Sudip S. Padhye received the Bachelor of Engineering (B.E.) degree in Computer Science & Engineering from Visvesvaraya Technological University, India (V.T.U.) in 2016. He is currently working as Business Intelligence (BI) Developer at KPIT Technologies Ltd. with extensive experience in both ETL
and Reporting tools such as Informatica Data Center & Oracle Business Intelligence Enterprise Edition (OBIEE) respectively.
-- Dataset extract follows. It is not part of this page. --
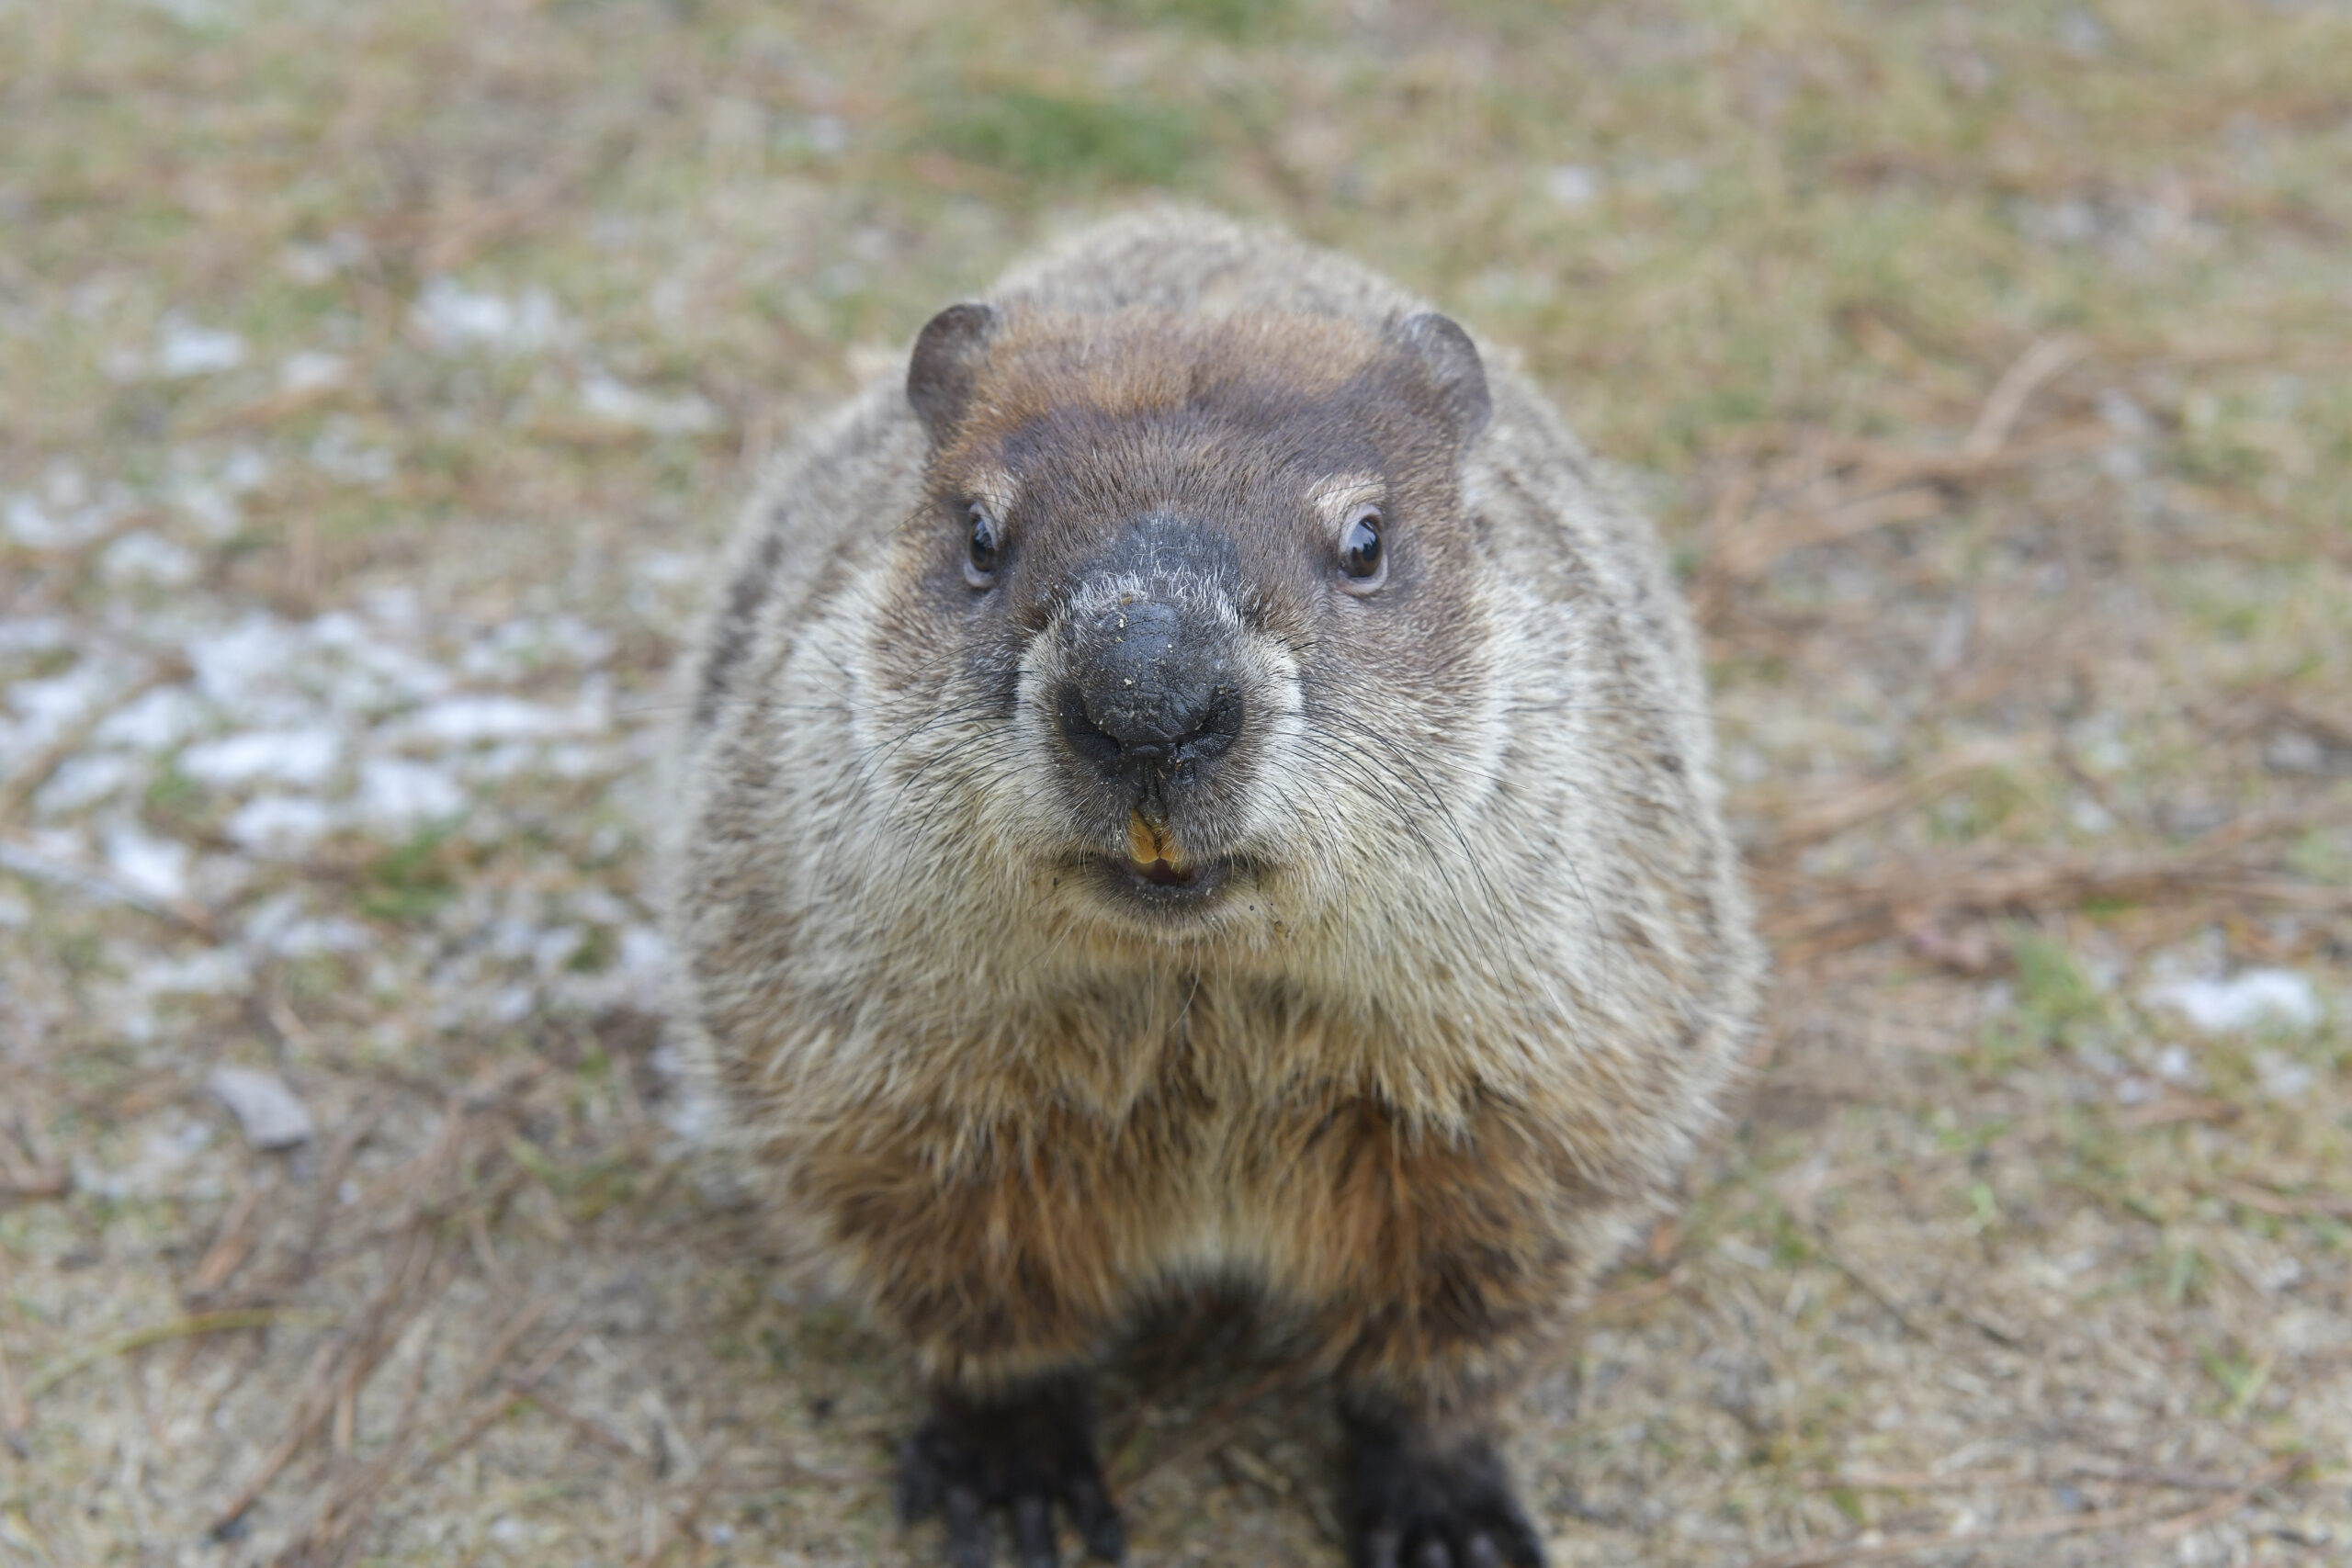 Allen McButterpants makes his debut as a prognosticator on Groundhog  Day at the Evelyn Alexander Wildlife Rescue Center. Allen did not see his shadow and predicted an early spring.  DANA SHAW

In addition to this, he has many projects on his name such as “Movies & Books Recommender system using Collaborative Filtering”, ”Rainfall predictor using Regression techniques” and “Context-based Attitude Scrutiny using NLP”, to name a few. He has also published 2 International papers in the field of Data mining. He is fascinated towards R, Python and Java & thus has many MOOCs certifications from renowned Universities such as Stanford University, USA and Johns Hopkins University, USA.